E-Taxi-Reichweite im Winter: 5 entscheidende Faktoren
Mittwochmorgen, halb sechs, Taxenstand Hauptbahnhof. Der Bereitstellungsraum ist voll, die Scheiben sind gefroren, und die ersten Kollegen kratzen Eis. Ein E-Taxi-Fahrer lässt den Wagen warmlaufen – nicht den Motor, den Akku.

E-Taxi-Reichweite im Winter: 5 entscheidende Faktoren
Über die Hersteller-App hat er die Vorkonditionierung gestartet, während das Fahrzeug noch am Schnelllader hing. Zwanzig Minuten später steht die Kabine auf 21 Grad, der Akku ist auf Betriebstemperatur, und die Reichweitenanzeige zeigt einen Wert, der ohne diesen Schritt deutlich niedriger ausgefallen wäre. Das ist kein Zufall, sondern Handwerk.
Wer im Hamburger Taxigewerbe elektrisch fährt, muss den Winter rechnen können. Der ADAC beziffert den typischen Reichweitenverlust bei Kälte auf 10 bis 30 Prozent, in Extremlagen auf bis zu 40 Prozent. Welche fünf Faktoren darüber entscheiden, ob der Akku reicht oder ob der Wagen am Ende der Schicht an der Säule hängt – das ist die Frage, die uns Fahrerinnen und Fahrer ab November täglich begleitet.
Physik der Kälte: Warum der Akku im Winter schwächelt
Eine Lithium-Ionen-Batterie ist ein chemisches Lager. Bei sinkenden Temperaturen verlangsamen sich die Ionenbewegungen im Elektrolyt, der Innenwiderstand steigt, und die nutzbare Kapazität sinkt spürbar. Das ist keine Panne, sondern Physik.
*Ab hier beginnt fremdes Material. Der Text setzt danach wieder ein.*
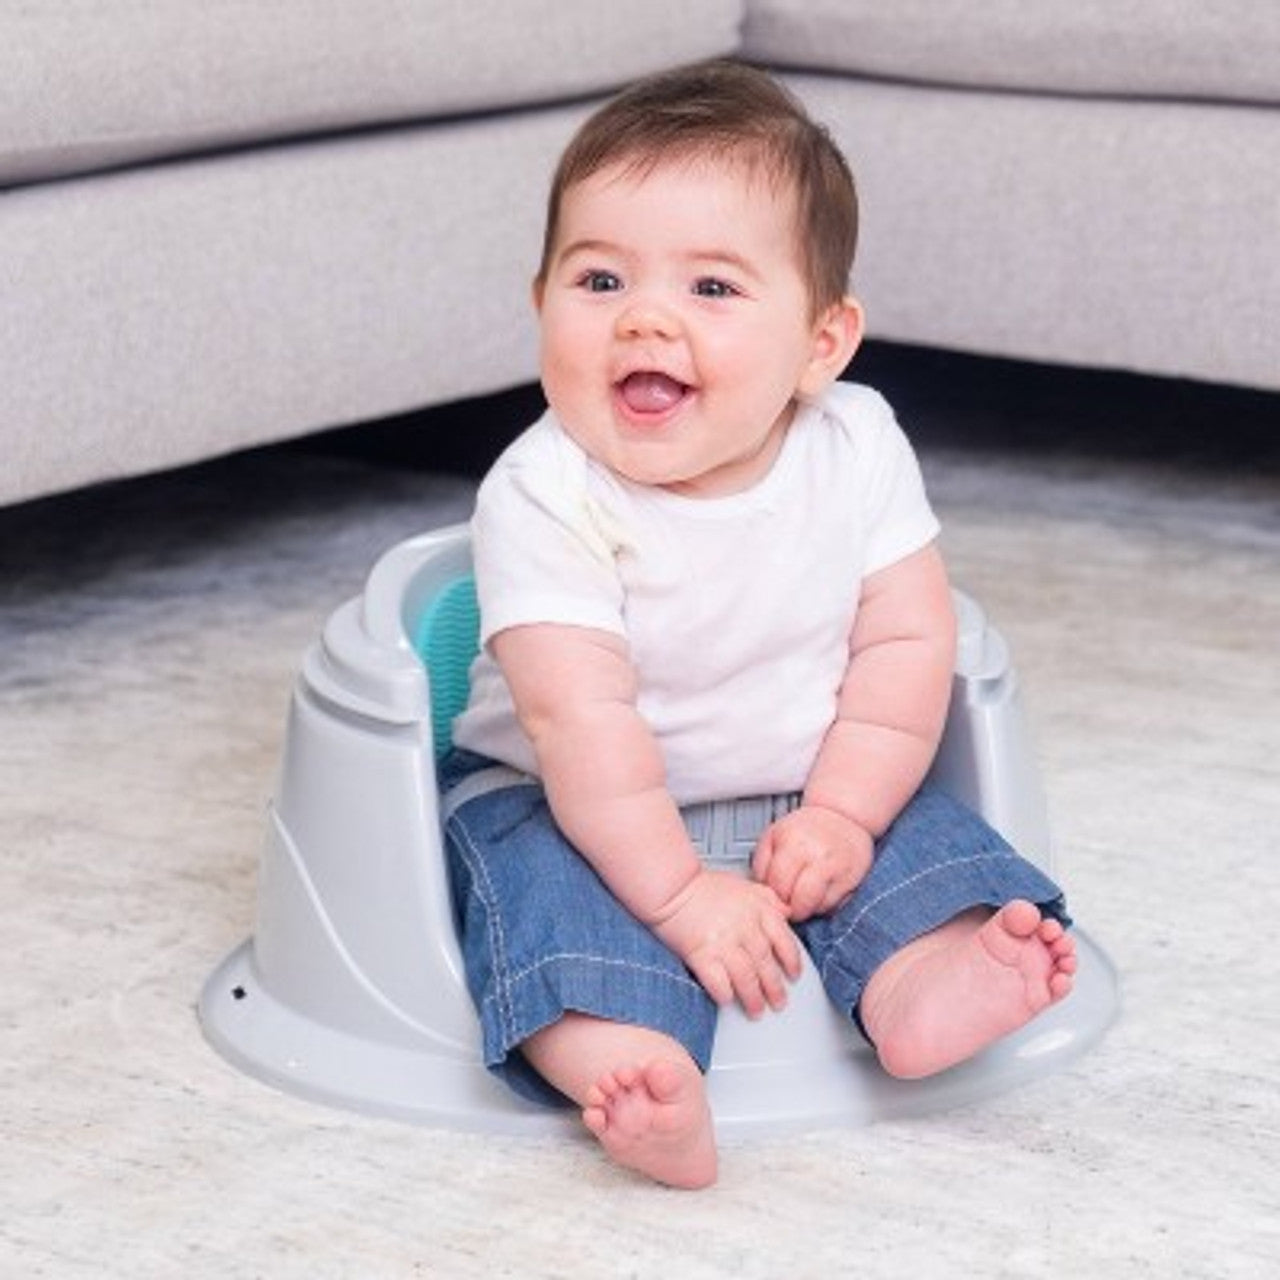 New - Summer Infant 3-Stage Deluxe SuperSeat Positioner, Booster, and Activity Center for Baby

Bei null Grad Celsius stellt sich der typische Verlust von 10 bis 20 Prozent ein, bei minus zehn Grad sind 25 Prozent realistisch, und im Dauerbetrieb mit Kurzstrecken und Standphasen können es bis zu 40 Prozent werden.
Genau das ist das Profil, das wir in Hamburg bedienen: Stop-and-go, Stadtverkehr, häufiges Anhalten am Taxenstand, kurze Touren mit Warmlaufphase. Der Funker schickt einen Auftrag nach dem anderen, und zwischen den Fahrten steht der Wagen im Bereitstellungsraum – Kälte, die in die Zellen kriecht.
Was viele unterschätzen: Der Effekt ist nicht linear. Eine Batterie bei minus fünf Grad verhält sich nicht einfach wie eine etwas kältere Batterie bei plus fünf Grad. Der Übergangsbereich um den Gefrierpunkt herum ist für uns Taxifahrer der kritische Bereich, weil Hamburg die meiste Zeit des Winters genau dort liegt – selten arschkalt, aber dauerhaft kühl. Die Batterie kommt nie richtig in Schwung, nie auf die Betriebstemperatur, die der Hersteller als Idealzustand definiert.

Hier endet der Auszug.